▶ _DATA SEGMENT_
· · ·
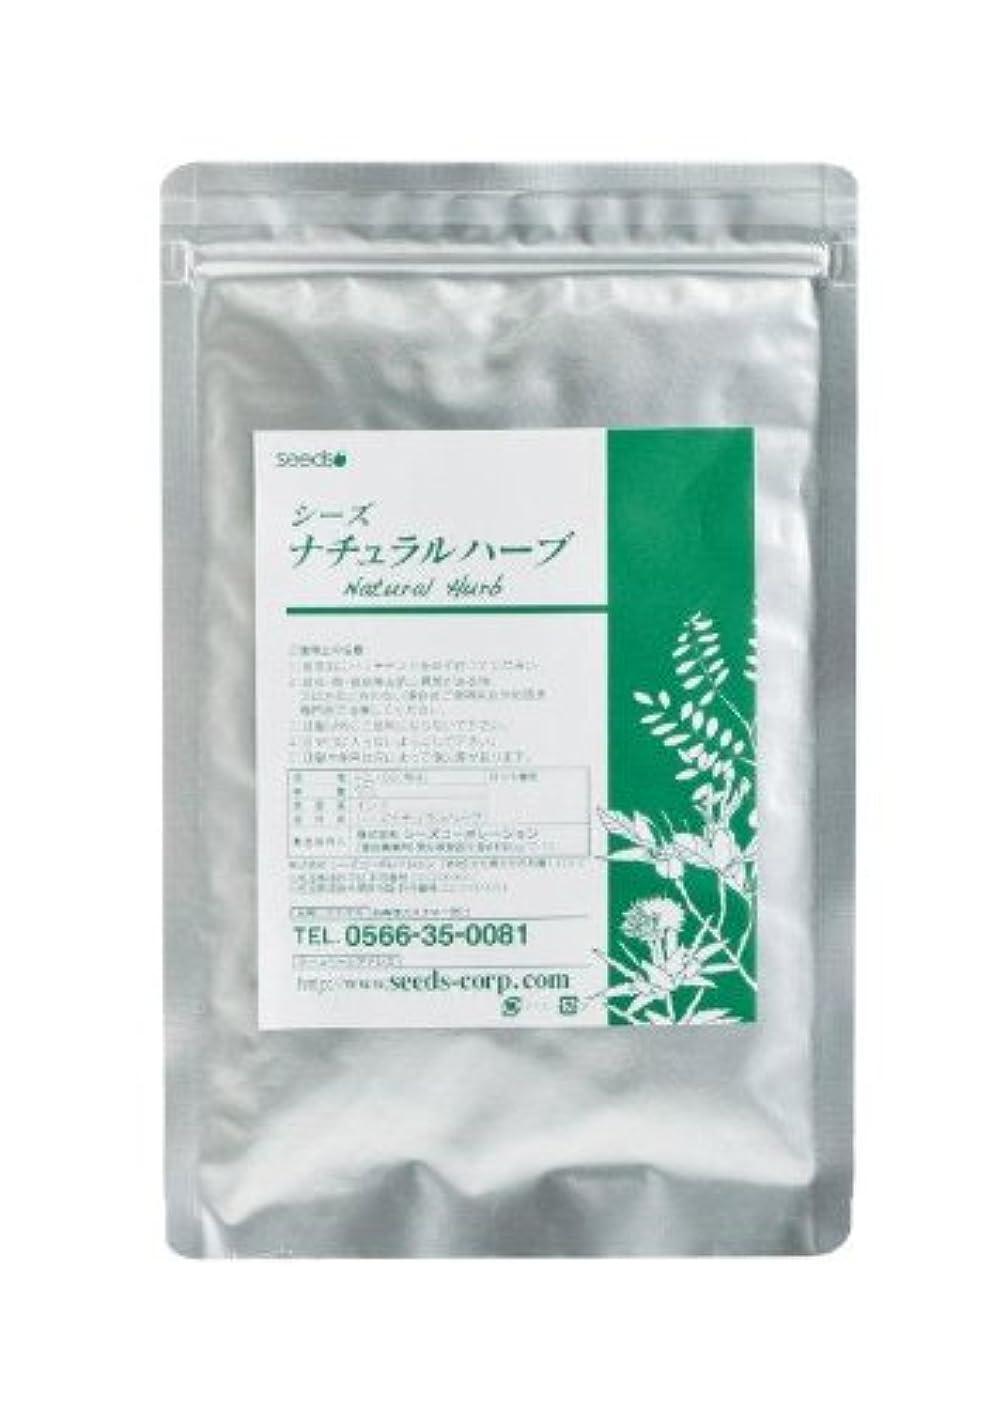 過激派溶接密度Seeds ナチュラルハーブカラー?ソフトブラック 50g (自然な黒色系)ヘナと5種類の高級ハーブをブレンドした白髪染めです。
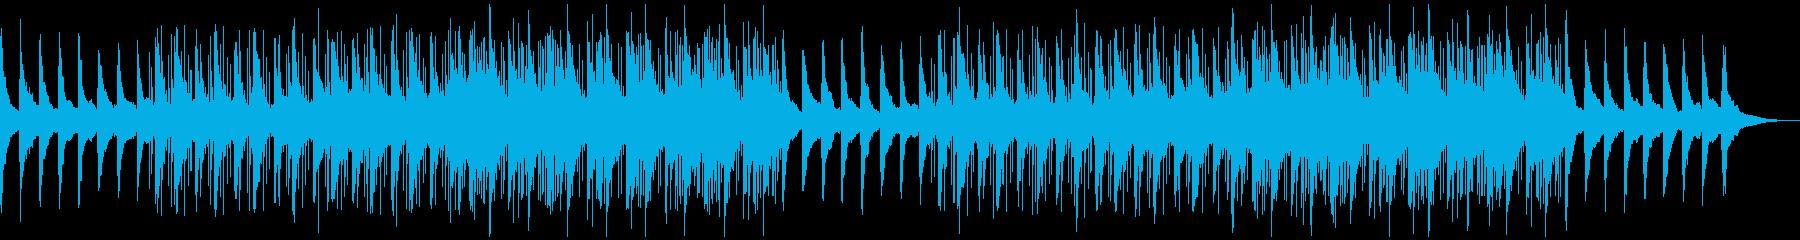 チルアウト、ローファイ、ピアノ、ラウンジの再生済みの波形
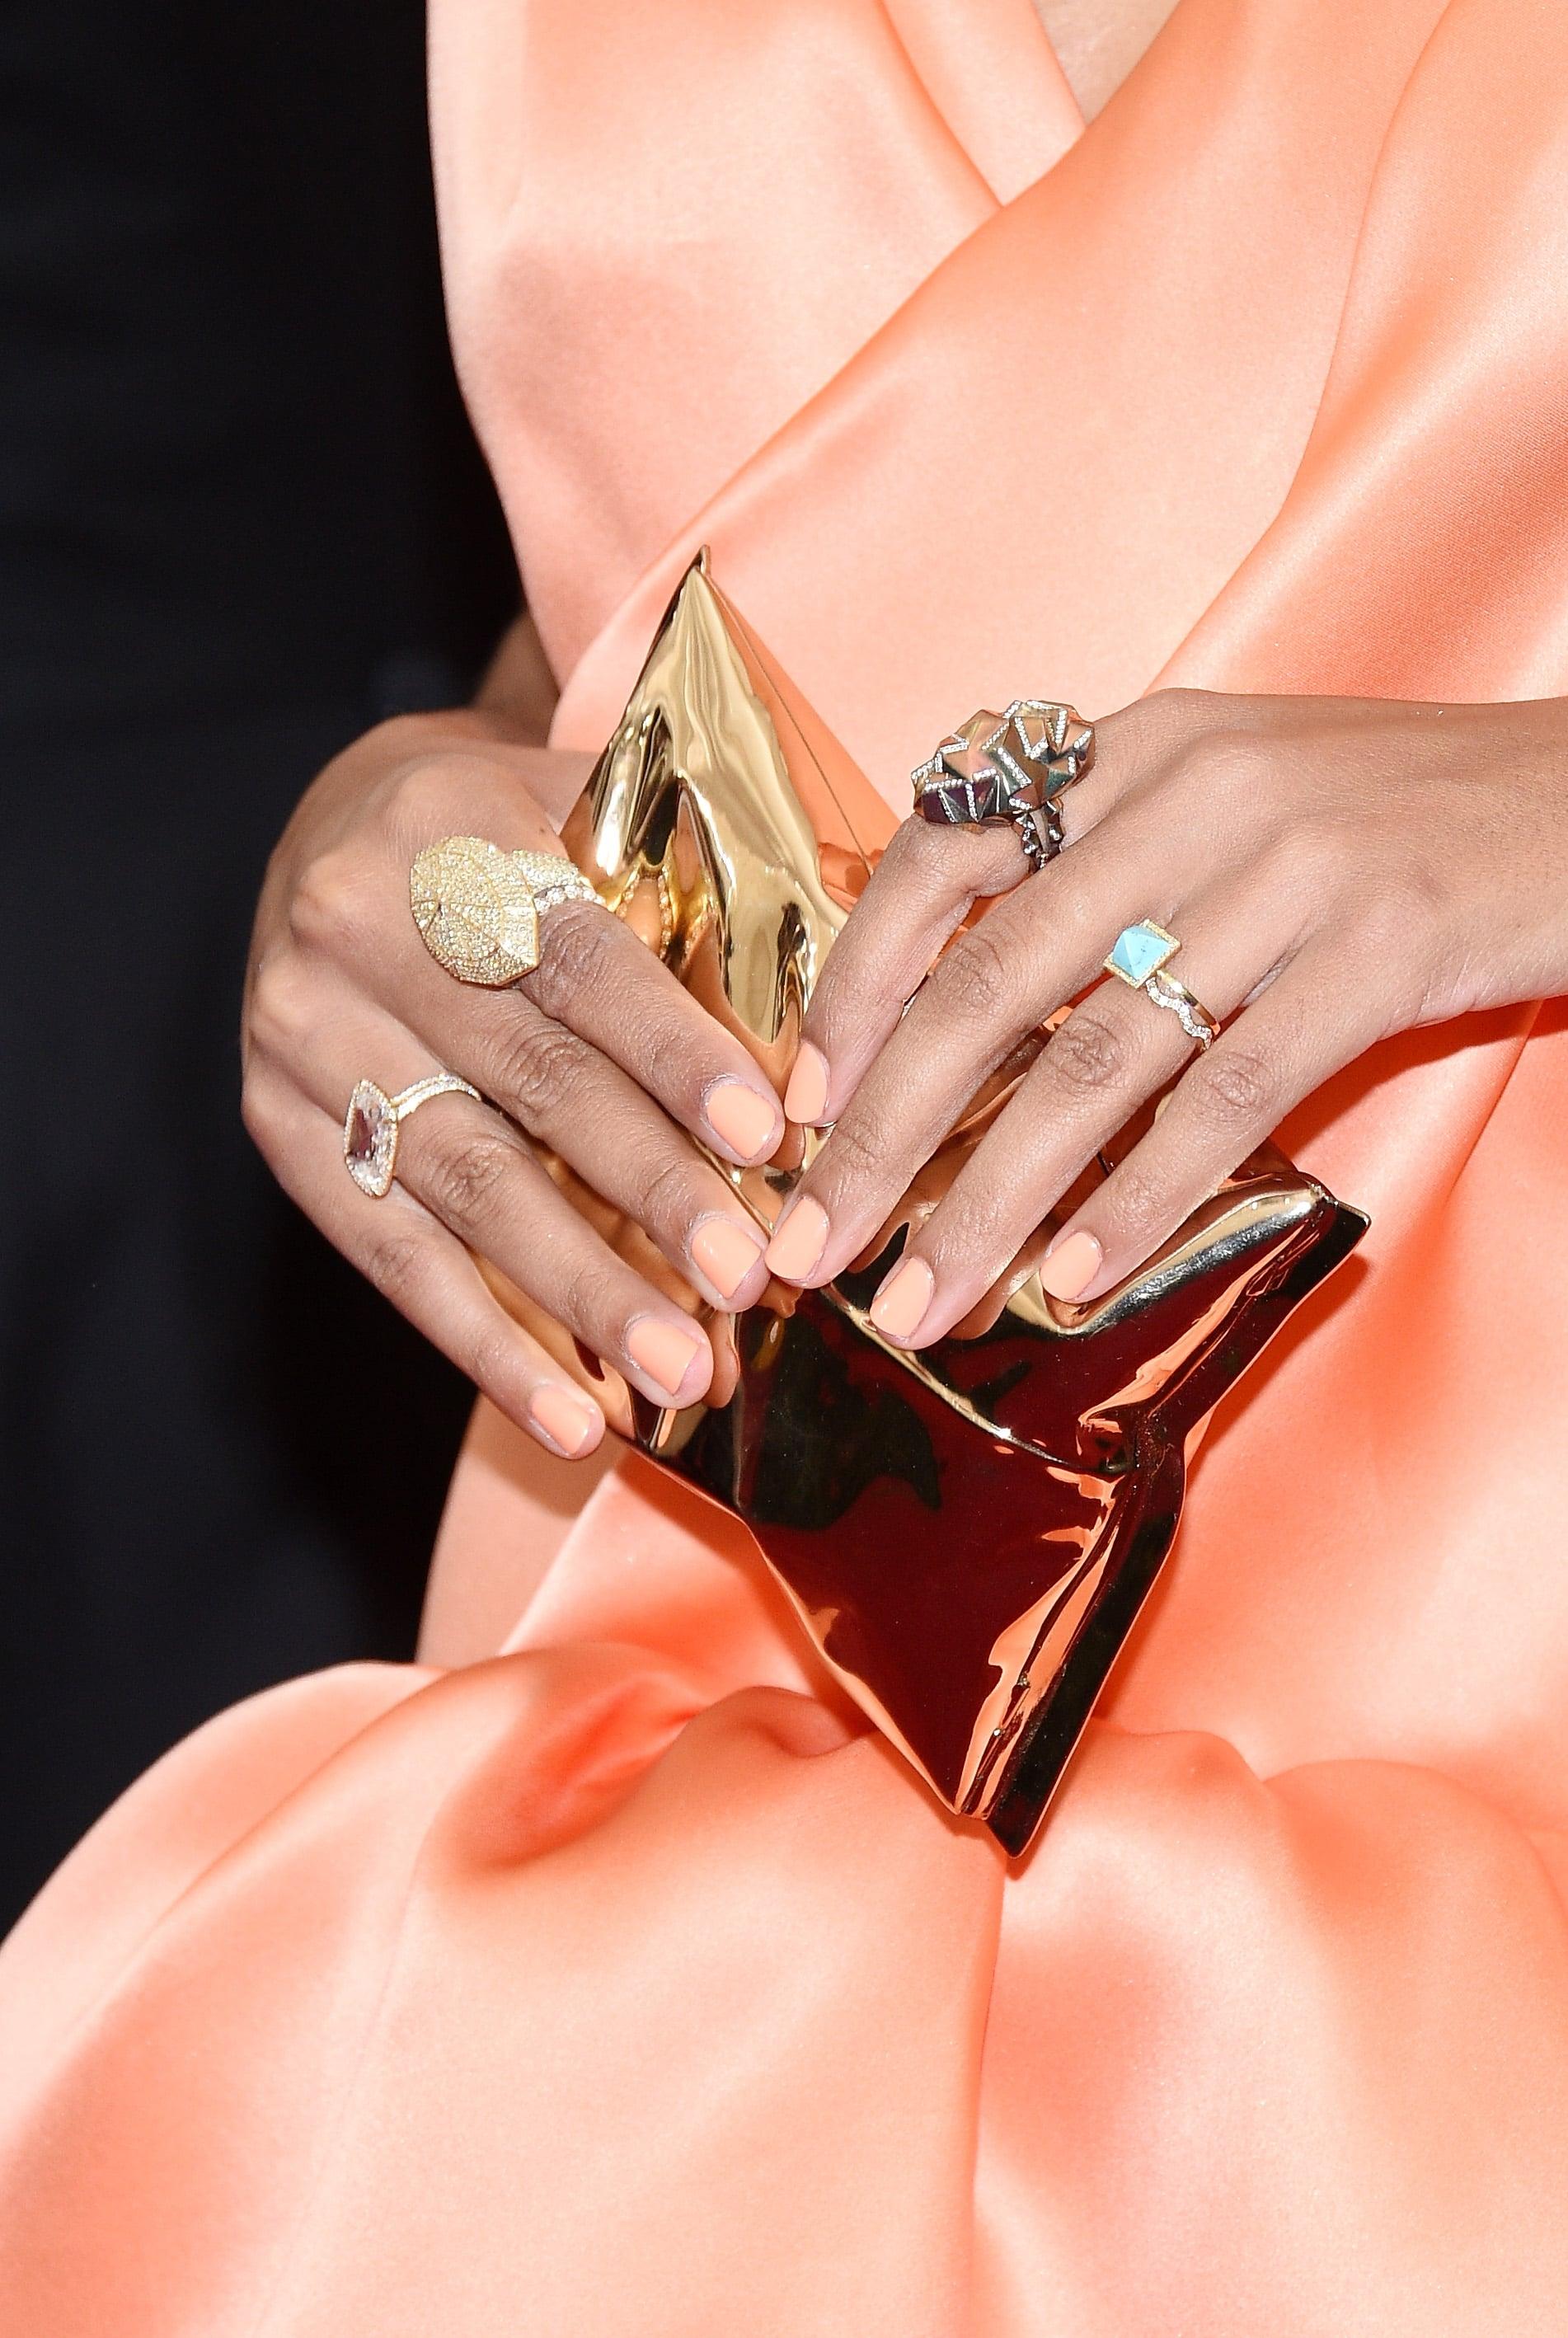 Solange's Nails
· · ·
▶ _GOAL OF THE EXERCISE_
Print each line of the listing exactly and include no pictures.

▶ _FINISHED TASK_
 過激派溶接密度Seeds ナチュラルハーブカラー?ソフトブラック 50g (自然な黒色系)ヘナと5種類の高級ハーブをブレンドした白髪染めです。
 チルアウト、ローファイ、ピアノ、ラウンジの再生済みの波形
 Solange's Nails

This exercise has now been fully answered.